- What the task asks:
After finding the line with "الفرقة الخامسة للشرطة" in the entries below, retype exactly each line from there through the line with "Ben 10 Heatblast", including that final line.

- Material provided:

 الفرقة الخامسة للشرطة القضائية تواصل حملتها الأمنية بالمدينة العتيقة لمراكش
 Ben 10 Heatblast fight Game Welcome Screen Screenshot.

* * *

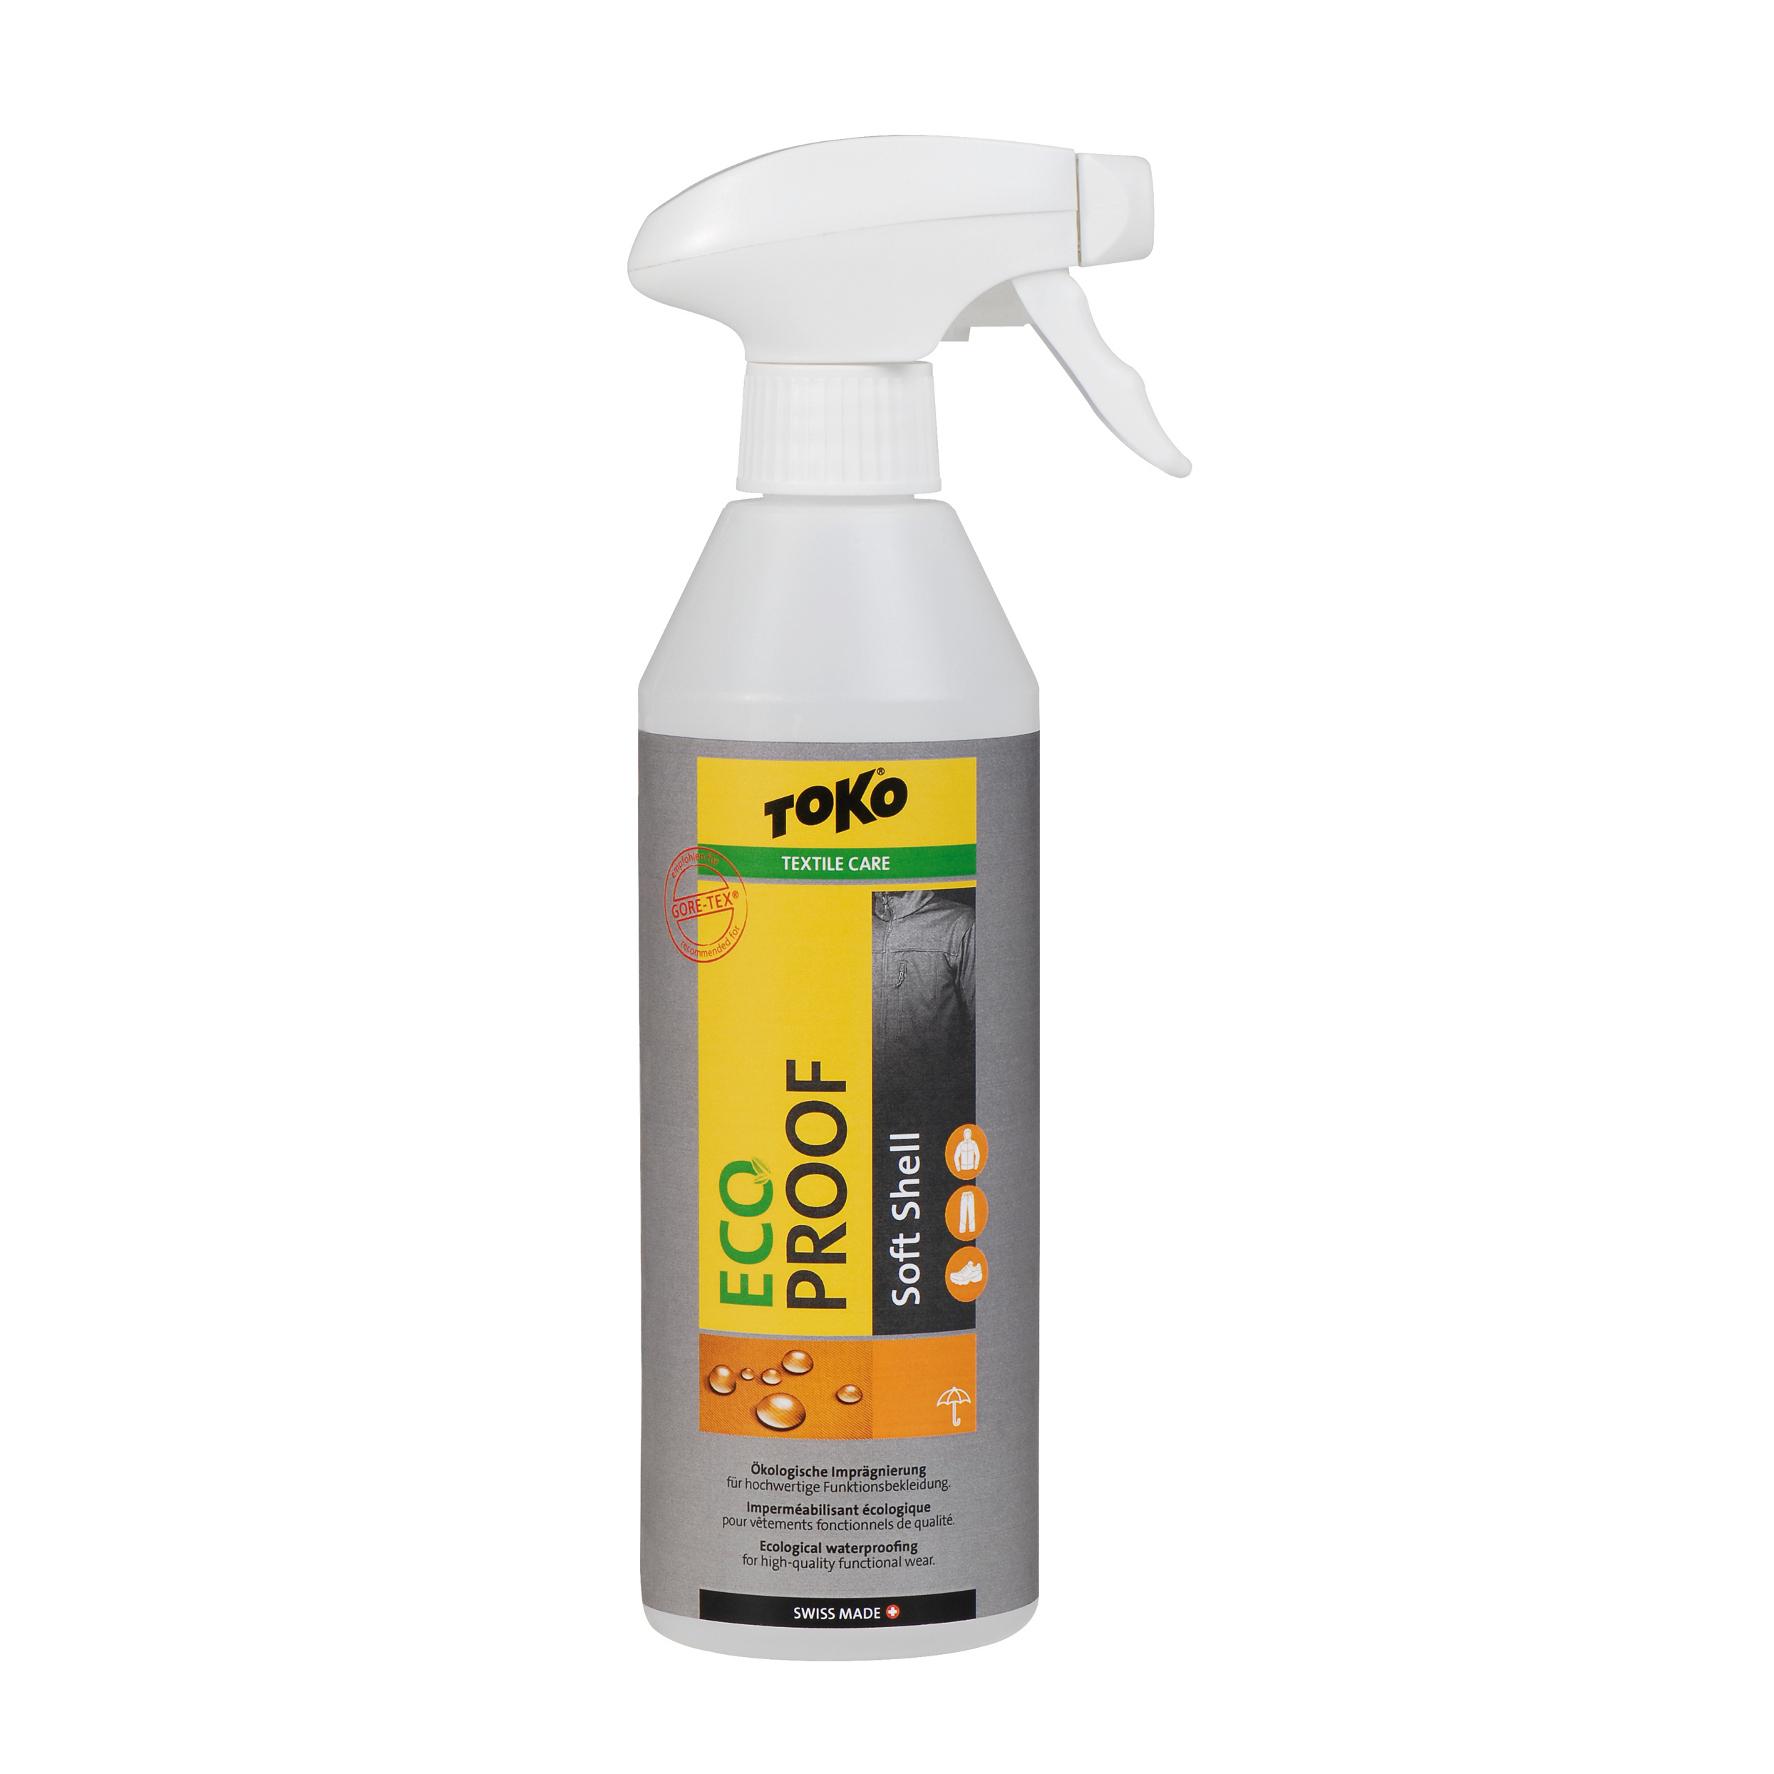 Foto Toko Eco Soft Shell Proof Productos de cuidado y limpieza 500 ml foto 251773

* * *

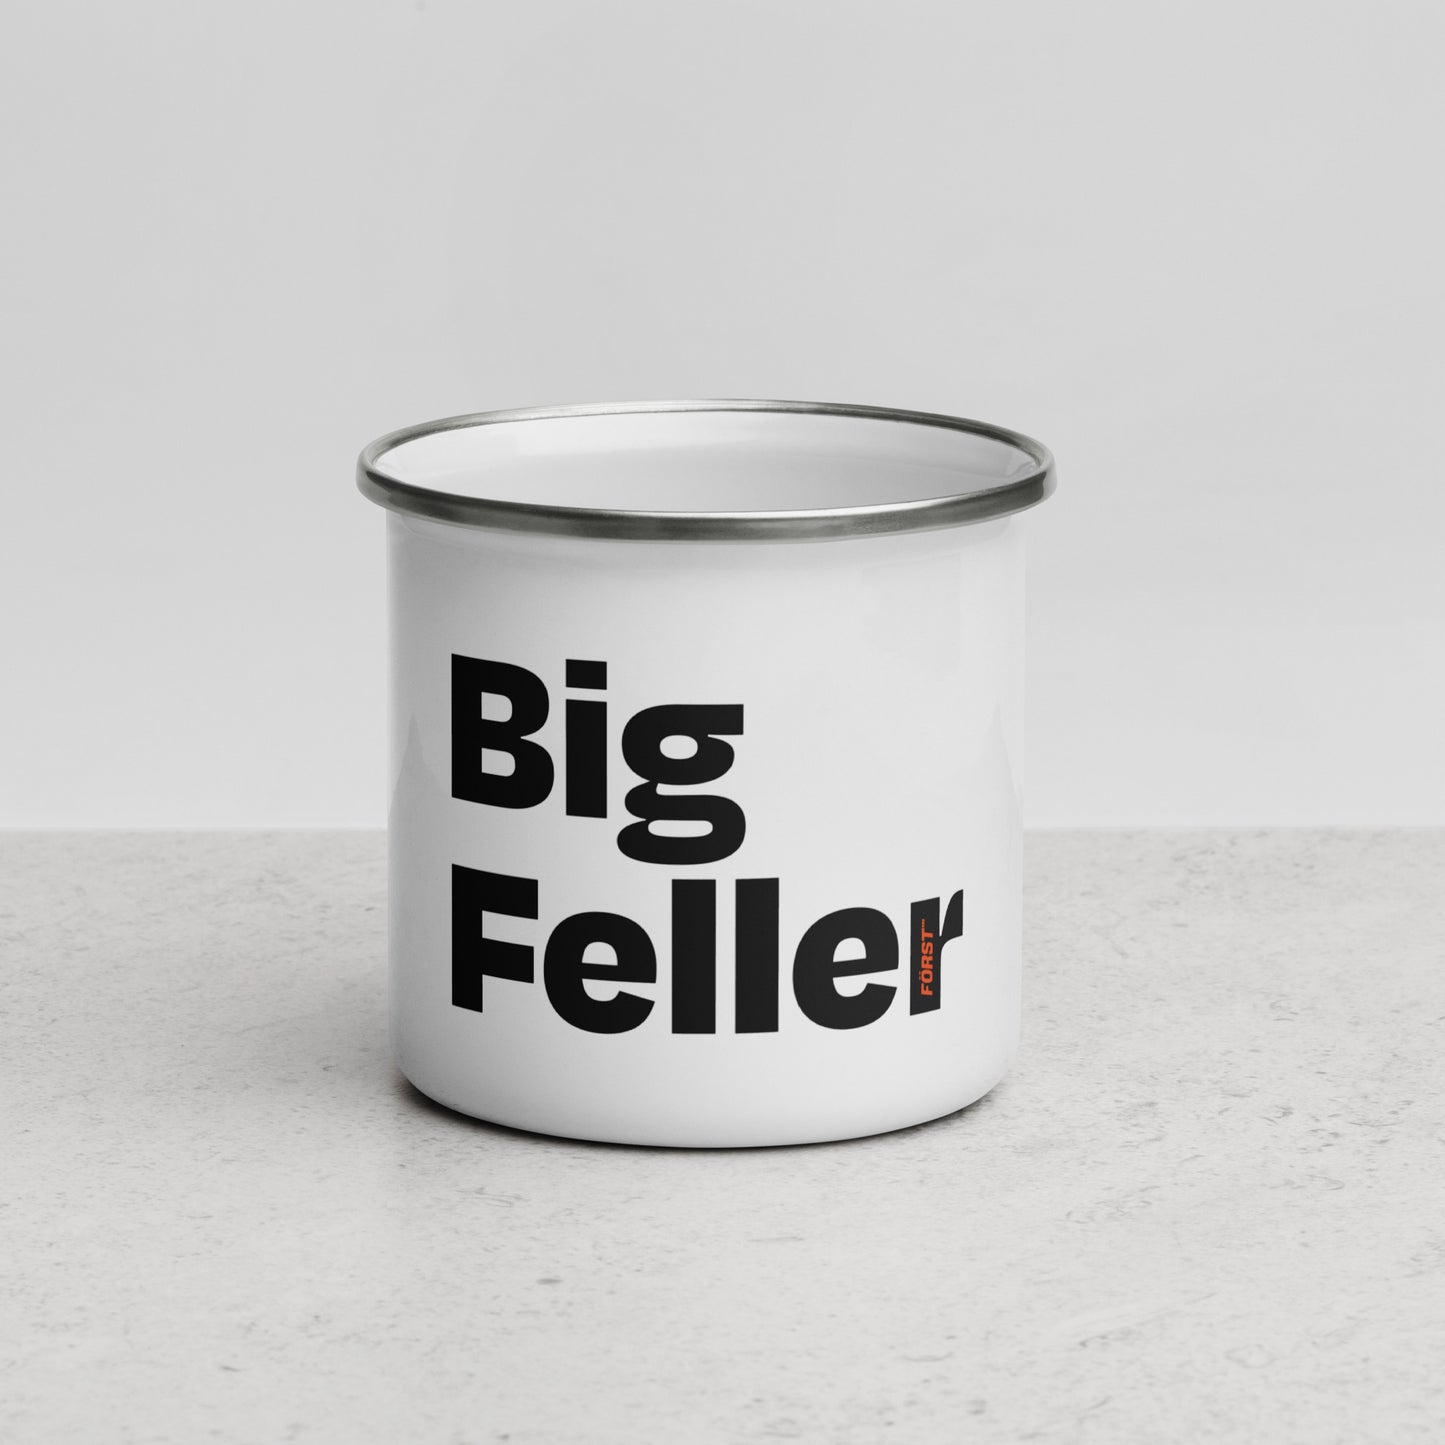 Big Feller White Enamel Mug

- Expected answer:
 الفرقة الخامسة للشرطة القضائية تواصل حملتها الأمنية بالمدينة العتيقة لمراكش
 Ben 10 Heatblast fight Game Welcome Screen Screenshot.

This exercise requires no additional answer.